If this is really the case, I am sure, then, that it was Christmas for Leyla, a poor Muslim widow who, with generosity, care and affection, prepared handmade biscuits in "industrial quantities" for her neighbours' 12 children – even poorer than herself – so that they could celebrate the birth of Jesus with joy.

And it was Christmas for the 10 Christian children who gathered to pray around Baby Jesus in a crib they made from coloured paper throughout Advent. As they prayed, their peers played ball in the neighbourhood alleys, just like any other day, unaware of the great event unfolding.

And then there was the group of youth and elderly people, children, men and women, Christians and Muslims who defied the rain and cold of the night to celebrate Christmas Mass in 'St Peter's Grotto', gathered around the bishop of Anatolia, Mgr Padovese. I certainly believe they relived the anticipation felt by the shepherds, that they too experienced the need for the goodwill and peace of God – even if perhaps they did not have a pre-tailored, precise idea of what to expect.
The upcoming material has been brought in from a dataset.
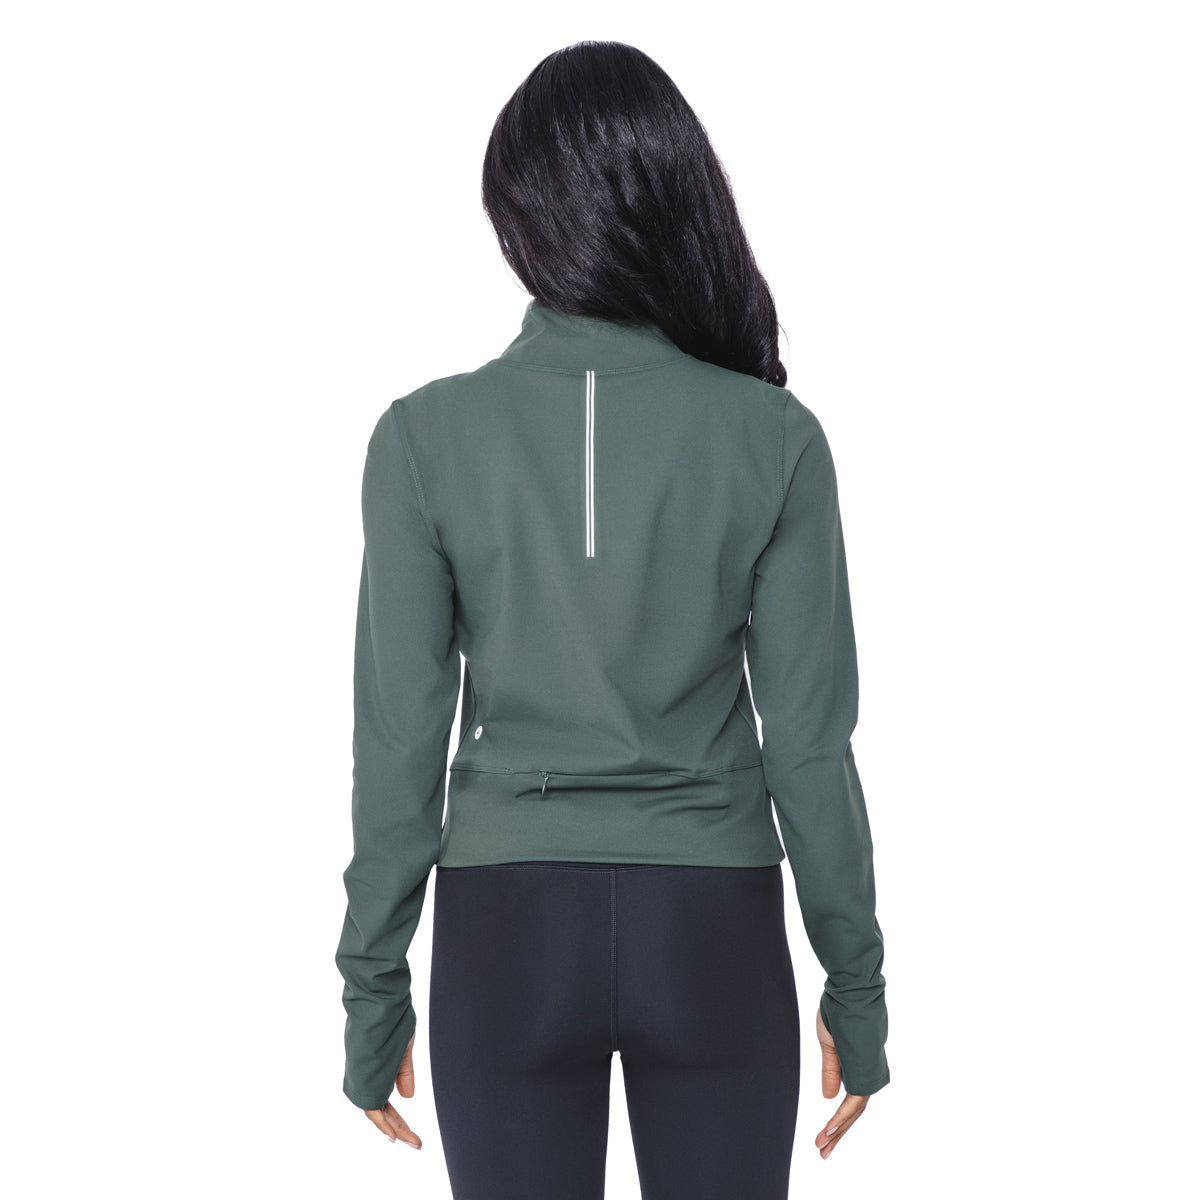 90 Degree By Reflex High Low Full Zip Jacket With Side Pockets - Sage -  Medium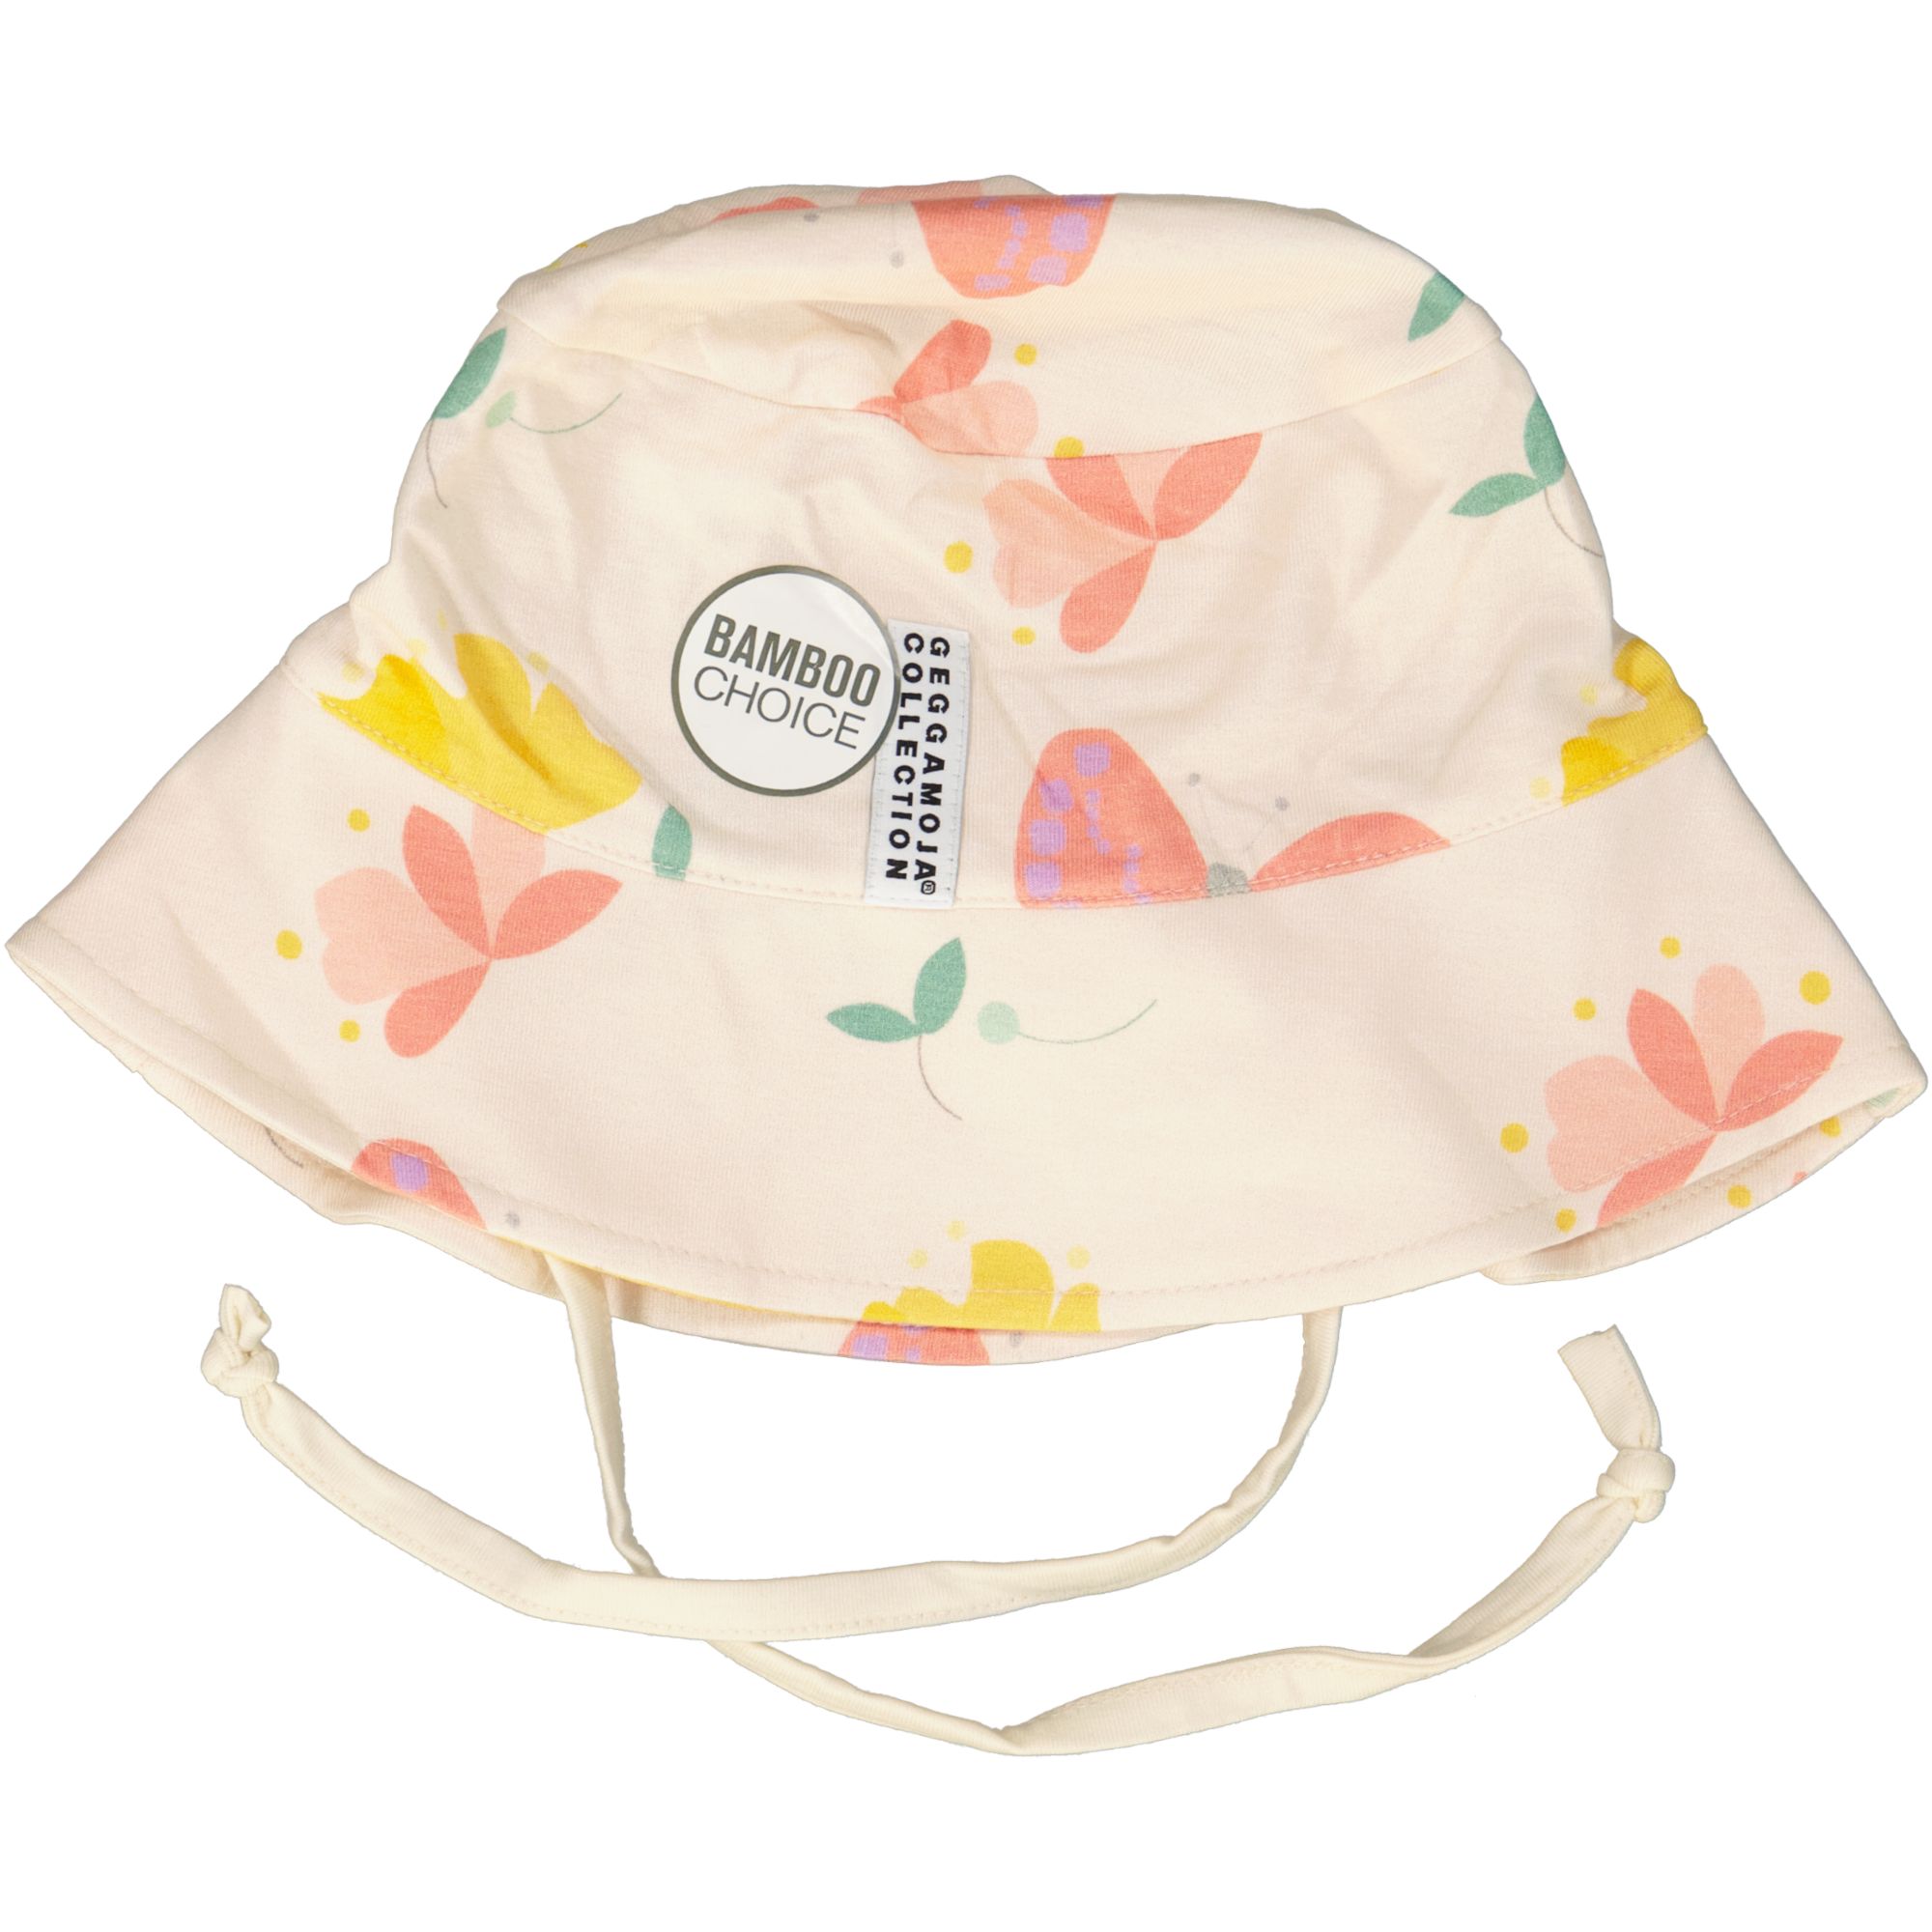 Bamboo Sunny hat Butterfly

Did the Light of Love enter their open hearts?

It was Christmas for Betul too, who shared a chicken on a spit, vegetables and some bananas with two orphans Gemma and Yusuf in their home (a little more than a shack), while a grand Christmas gala dinner was under way in the city's most renowned hotel for all the civil and religious authorities.

It was Christmas for Chandrika thanks to the generosity of her Muslim neighbour. The Sinhalese Christian, who was abandoned by her Turkish husband, has had no news about her parents and other relatives since the terrible tsunami last year. Her neighbour welcomed Chandrika into her home and allowed her to watch a Sri Lankan television channel via satellite all night, so that she could enjoy Christmas celebrations in her country and through her language.

Meanwhile, in Altinozu, a country in the hills around Antioch, the entire Orthodox community gathered in small groups in individual homes and "heard" Midnight Mass in Arabic on television, watching a Lebanese, Catholic channel. And Christmas thus came into their families too.

And who knows how many other Christmases – here in Antioch, in this corner of Turkey, and in the whole world – passed unnoticed by man, but certainly seen by God…

Small gestures, perhaps miracles which will not change the course of history, but surely they will leave their mark in the hearts of those who know how to guard them and pass them on.

Give us the grace, Lord, to be able to catch a glimpse of your Christmases in our life (in the suffering, exhaustion, sadness or in the constant everyday boredom) so that the Peace, Hope and Goodwill of Christmas will never be less in us and around us."